Будь мы ярдом дальше, Нат, они бы нас снесли! — с деланной усмешкой сказал маса Сэм, развернул коня и с места бросил его в галоп. Несколько минут он молчал, пока тележная колея не кончилась, слившись с гатью, которая вела на Иерусалим.
Тогда хромой вскочит, как олень, — сказал он, оглядываясь на меня, — и язык немого будет петь; ибо пробьются... как там дальше-то, а, Нат?
Ибо пробьются воды в пустыне и в степи потоки, — ответил я. — М превратится призрак вод в озеро, и жаждущая земля — в источники вод; в жилище шакалов, где они покоятся, будет место для тростника и камыша.
Вот-вот, — отозвался он.
Мы остановили лошадей у конца колеи, в роще искореженных старостью, покрывшихся шишками и наростами яблонь, когда-то бывших частью культурного сада, ныне одичавшего, заросшего кустарником и слившегося с лесом. С ветвей нападало яблок видимо-невидимо, беспорядочными кучами и рядами они лежали в неглубокой канаве, шедшей вдоль колеи; рассеянные легионы красных и желтоватых паданцев уже подгнивали, распространяя винный душок. Прямо на наших глазах, пока мы там стояли, они срывались и глухо хлопались оземь. Вокруг роились еле различимые комары, а обе наши лошади, согласно нагибая шеи, принялись подбирать лакомые плоды и сочно, с хрустом жевать.
Вот-вот, — повторил маса Сэм. — А я и забыл. Забыл, а? — Вдруг он улыбнулся и добавил: — Ей Богу, я теперь могу позволить себе вовсе забыть Библию — если что, возьму да тебя спрошу! Ибо пробьются воды в пустыне и в степи потоки. — Господь Всемогущий, если бы в самом деле! — Он огляделся по сторонам, потом, приложив ладонь козырьком от яркого солнца, обозрел дали. — Господь Всемогущий, — опять повторил он, — какое унылое безлюдье!
Я тоже огляделся, но ничего необычайного не заметил: яблони, дорога, поля, дальний лес — все вроде бы на месте.
Он обернулся и посмотрел на меня внимательно и серьезно.
Ну, вот хотя бы олени эти, Нат. Взять, к примеру, оленей.

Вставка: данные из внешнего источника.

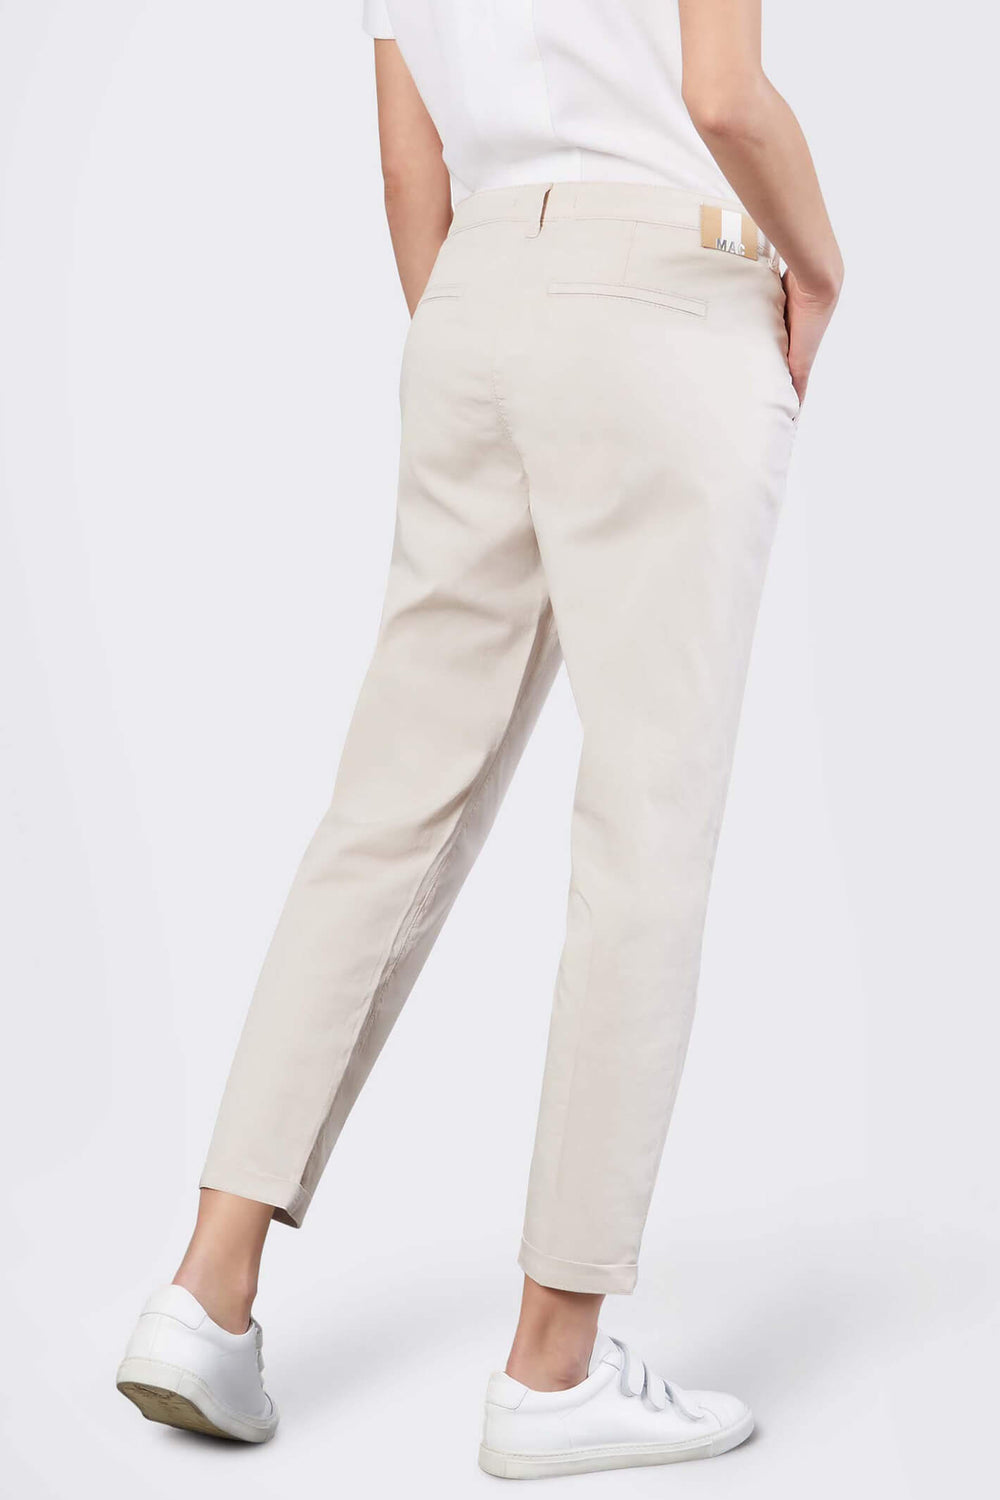 Mac Chino Turn Up 3075-00-0434L Ivory Stretch Gabardine Trousers - Olivia Grace Fashion

Раньше никаких тут оленей в помине не было. Слишком людно было, не разгуляешься. Пятнадцать, шестнадцать лет назад — ты тогда еще головастиком был, — в ноябре-декабре, когда старый Джон Коулмен с сыновьями выходил промышлять оленину, пальба тут просто не смолкала. И численность оленей держалась в рамках. Он и черным своим охотиться разрешал. У него был кучер, матерый такой, по кличке Пятница — лучший был оленебой во всем Саутгемптоне. Но это все в прошлом. Олени возвращаются, значит, плохие настали времена. Значит, люди ушли. — Он опять огляделся, все с тем же серьезным, встревоженным, задумчивым видом. — Вот этот яблоневый сад — он тоже Джона Коулмена. Когда за ними следили, эти деревья давали лучший “джонатан”, какой ни на есть на белом свете. А теперь, сам видишь, все в хлам, только червям на корм. Боже, какая жалость! Все напрасно, все зря!

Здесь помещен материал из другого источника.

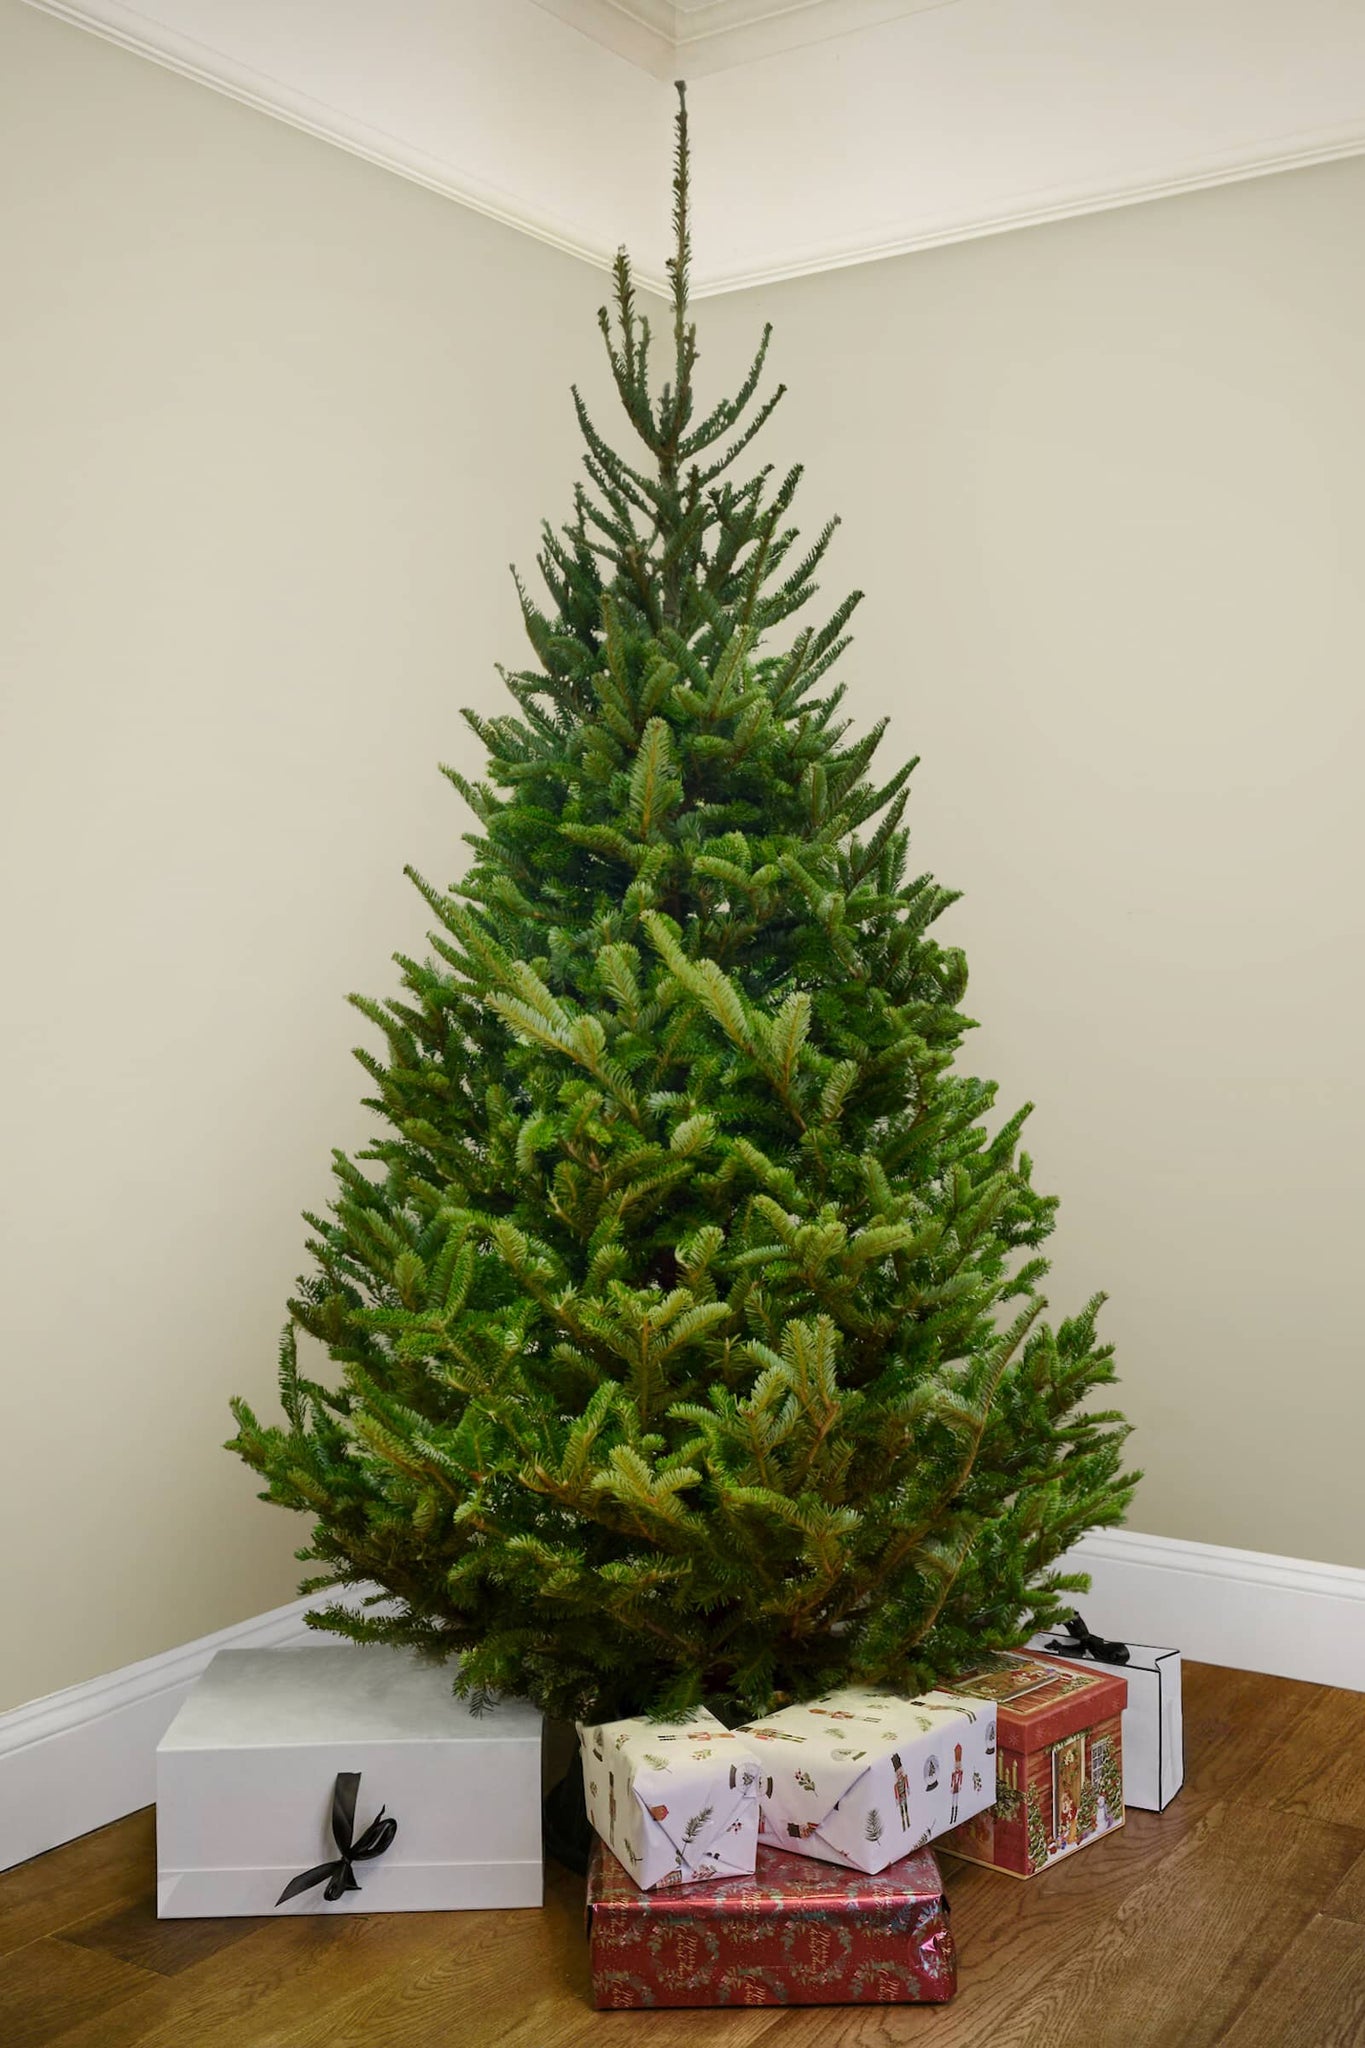 Fraser Fir - America's Premium Christmas Tree

Какое-то время мы легким, неспешным кентером скакали к Иерусалиму, и хозяин почти ничего больше не говорил. Что-то захватило его, и он ушел в себя, весь погрузился в тяжкие раздумья, которые загадочно и резко сменили то солнечное настроение, в котором он пребывал с утра; что ж, я, естественно, и помыслить не мог навязываться. В молчании мы ехали час или даже больше, гать простиралась перед нами ровная и прямая, как стропило, леса по сторонам стояли шумливой стеной, и пожар разноцветной листвы раздувало ветром. Да, здесь не то что прирученные, возделанные земли вокруг лесопилки Тернера, тут настоящая дичь, именно что пустыня, да и впрямь вся медно-золотая местность окрест кишела дичью и живностью: куропатки и фазаны выпрыгивали прямо из-под копыт; вот откуда-то из колеблемой ветром кроны с шумом разлетелись в разные стороны жирные тетерева и с криками устремились в небо. Белки и кролики то и дело зигзагами перебегали дорогу. В одном месте на стволе поваленного дуба примостилась рыжая лисица; сидела, часто дыша, и смотрела на нас, вывалив язык и показывая меленькие злые зубки.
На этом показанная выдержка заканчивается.